EXERCISE GOAL - Nothing but text lines should be duplicated: start with the first line of the listing below and stop after the line holding "Текстильная обувь для", omitting pictures.

RAW DATA -

Segment Open

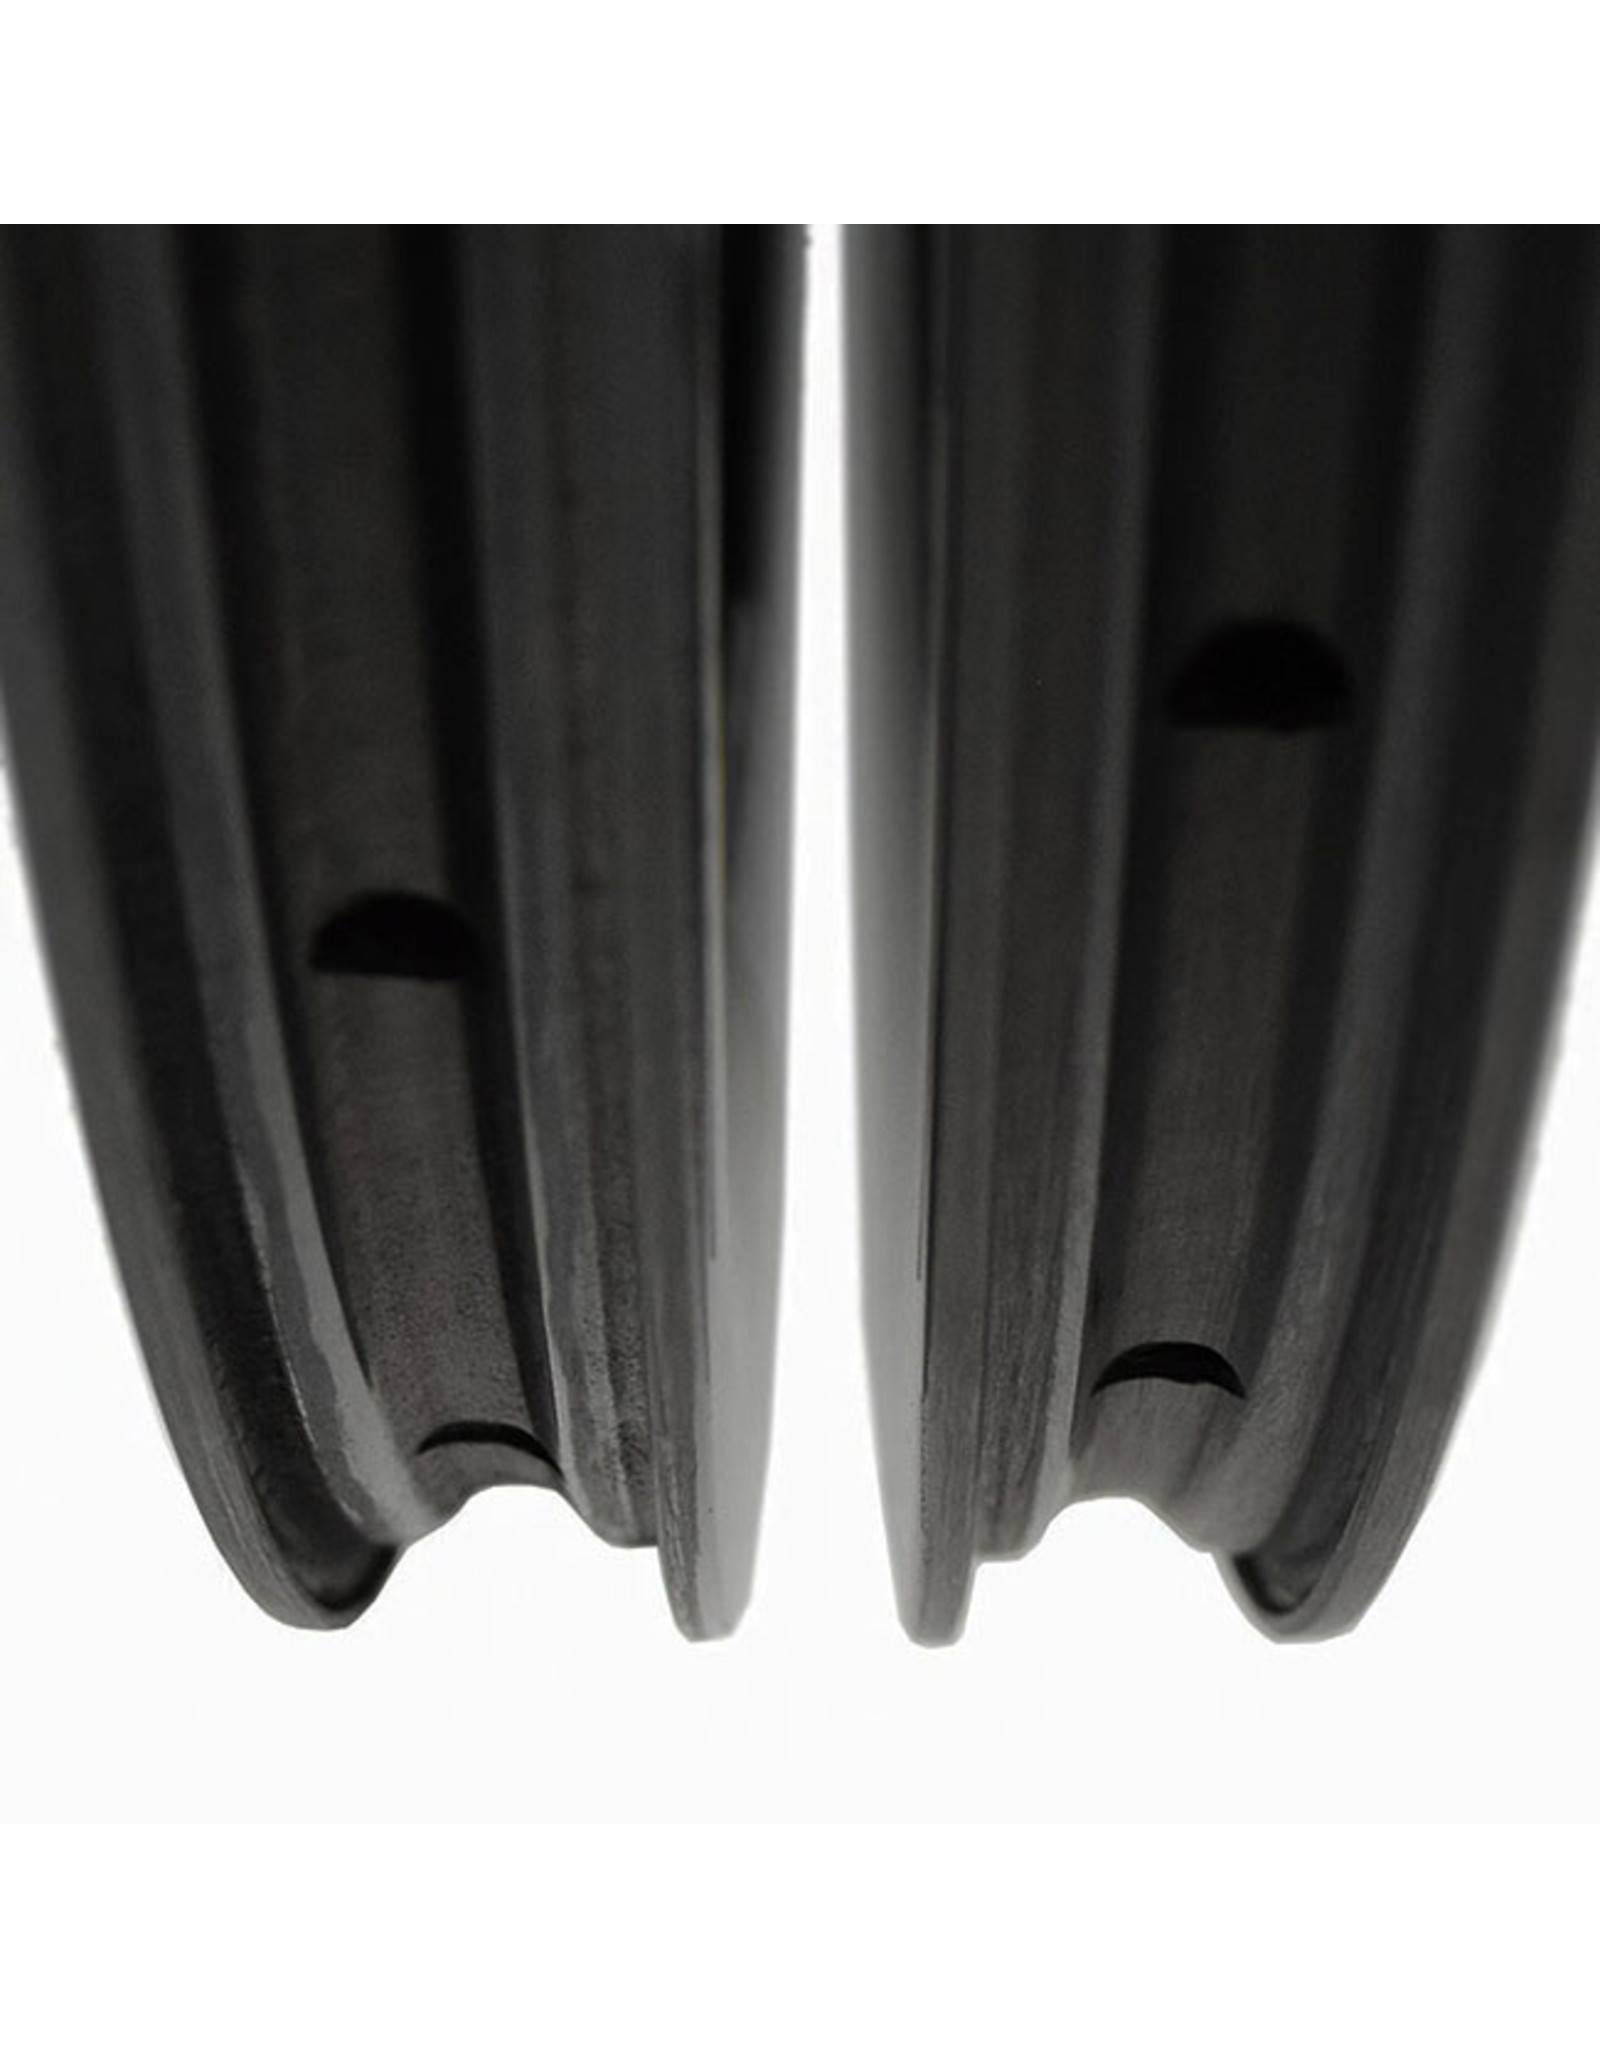 ENVE Composites ENVE 3.4 Disc Carbon Clincher Rim
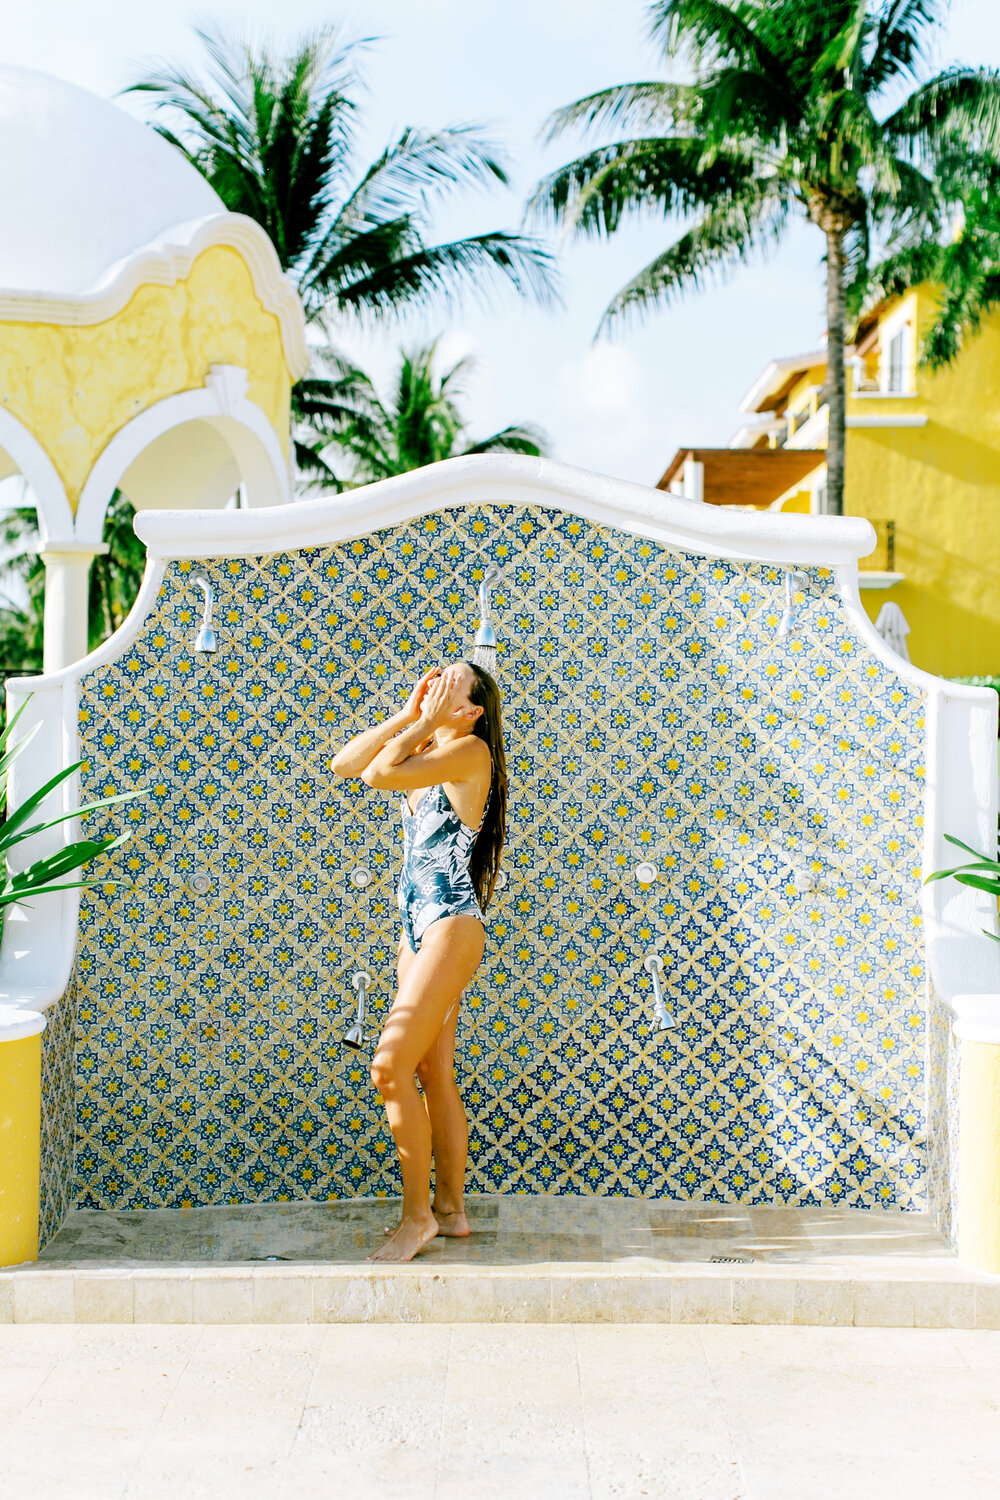 All-Inclusive Secrets Capri in Riviera, Cancun, Mexico / where to stay in cancun
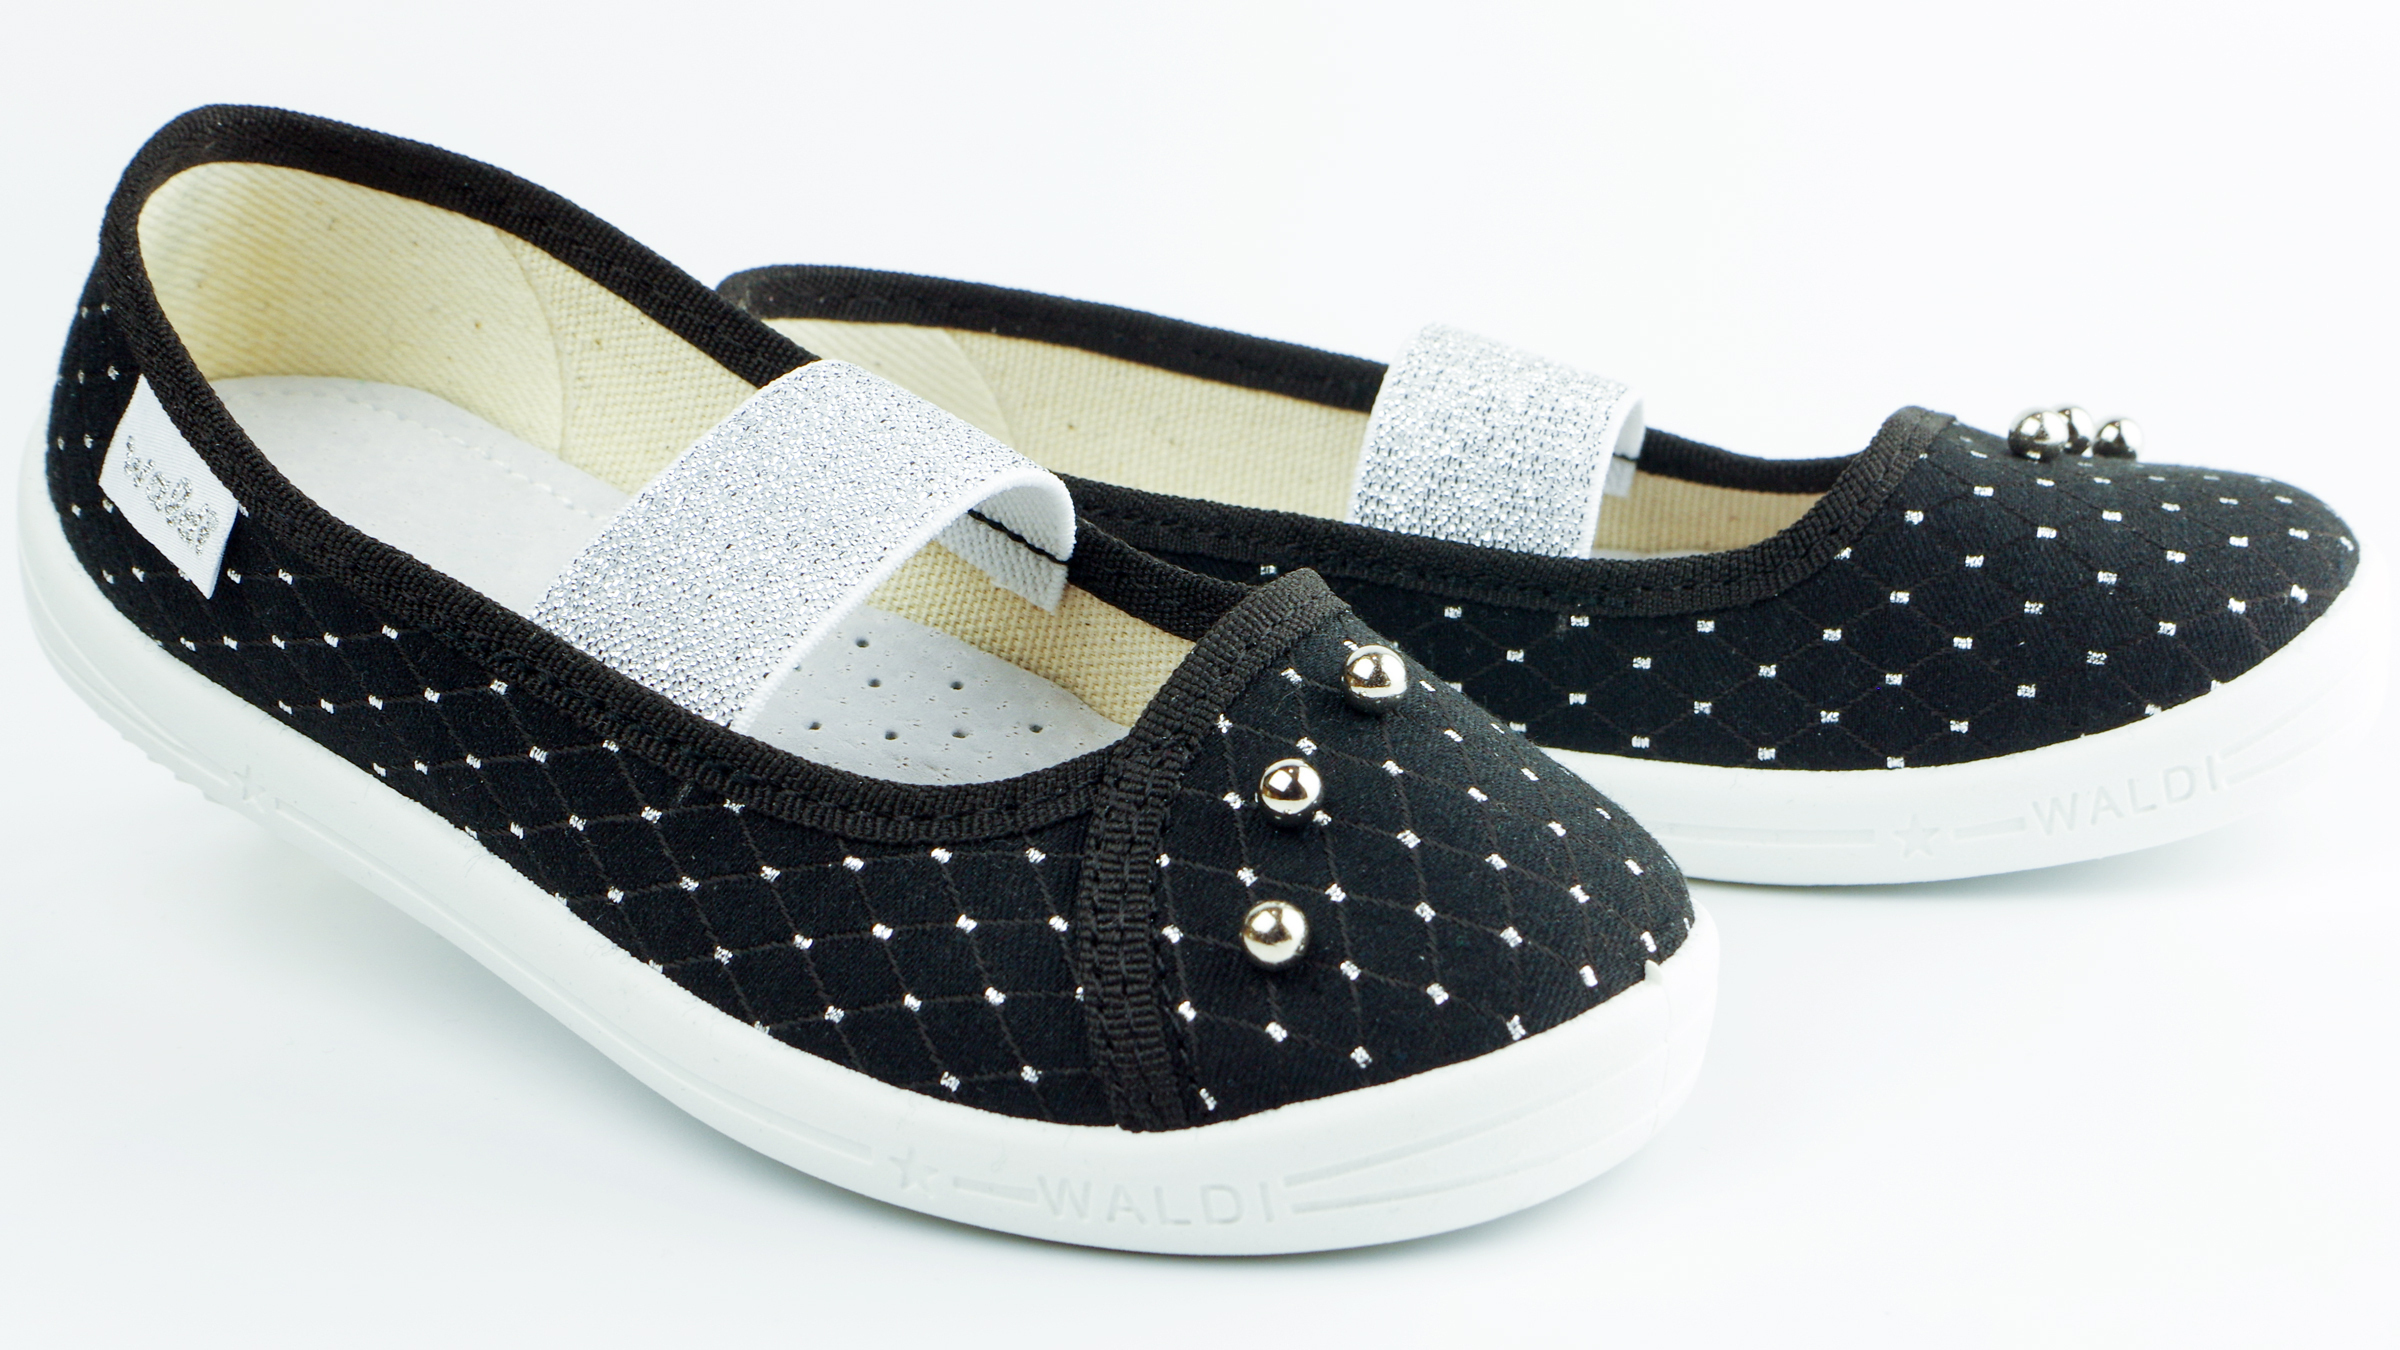 Текстильная обувь для девочек Тапочки Жемчужина (2129) цвет Черный 27-34 размеры – Sole Kids. Фото 3
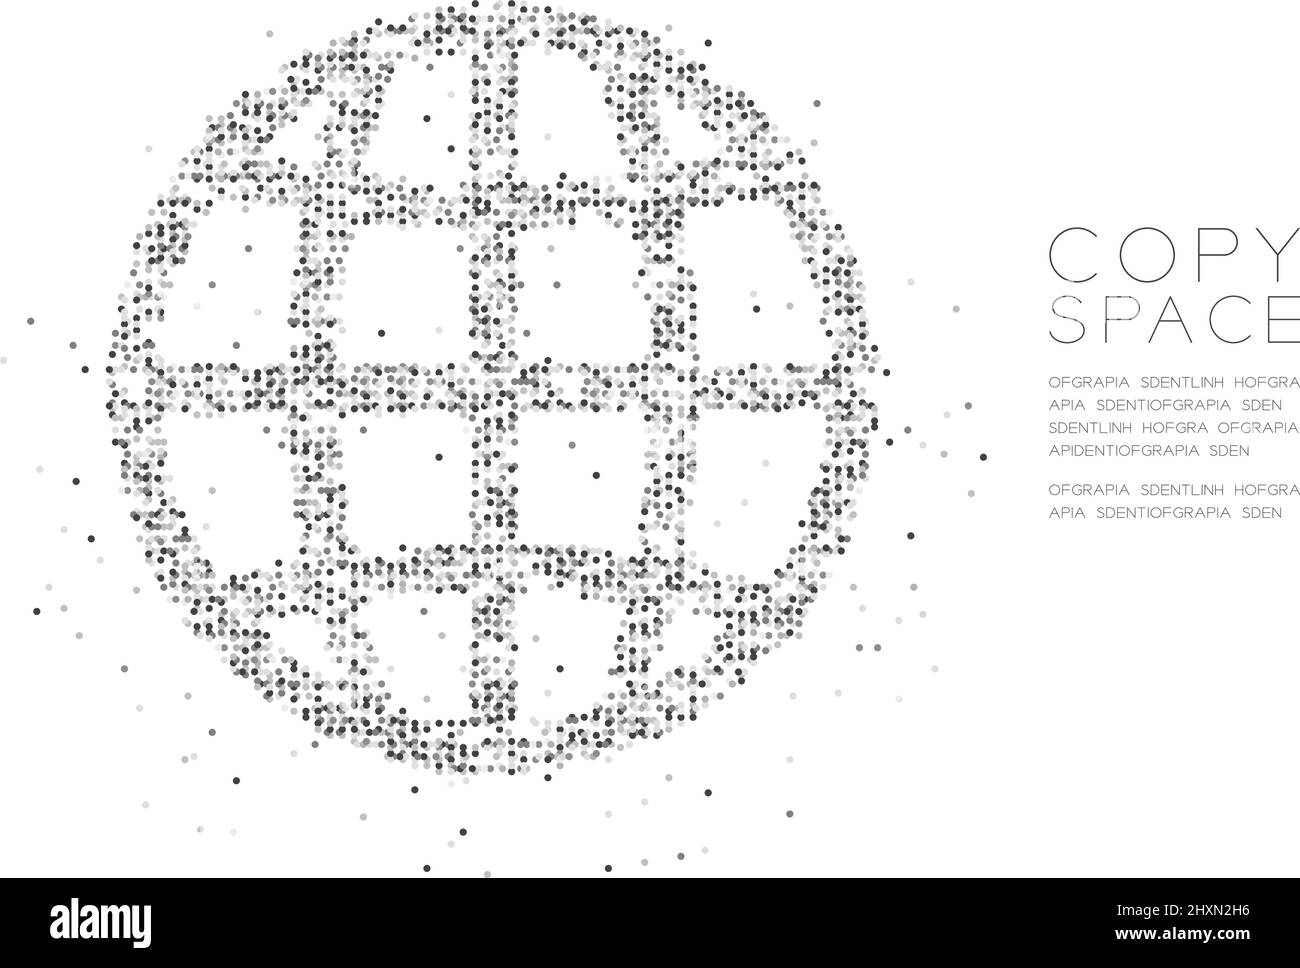 Abstrakt Geometrischer Kreis Punkt Molekül Partikel Netzwerk Icon Form, VR Technologie Internet Konzept Design schwarz Farbe Illustration isoliert auf weiß b Stock Vektor

Segment Closed

OUTPUT OF THE EXERCISE -
 ENVE Composites ENVE 3.4 Disc Carbon Clincher Rim
 All-Inclusive Secrets Capri in Riviera, Cancun, Mexico / where to stay in cancun
 Текстильная обувь для девочек Тапочки Жемчужина (2129) цвет Черный 27-34 размеры – Sole Kids. Фото 3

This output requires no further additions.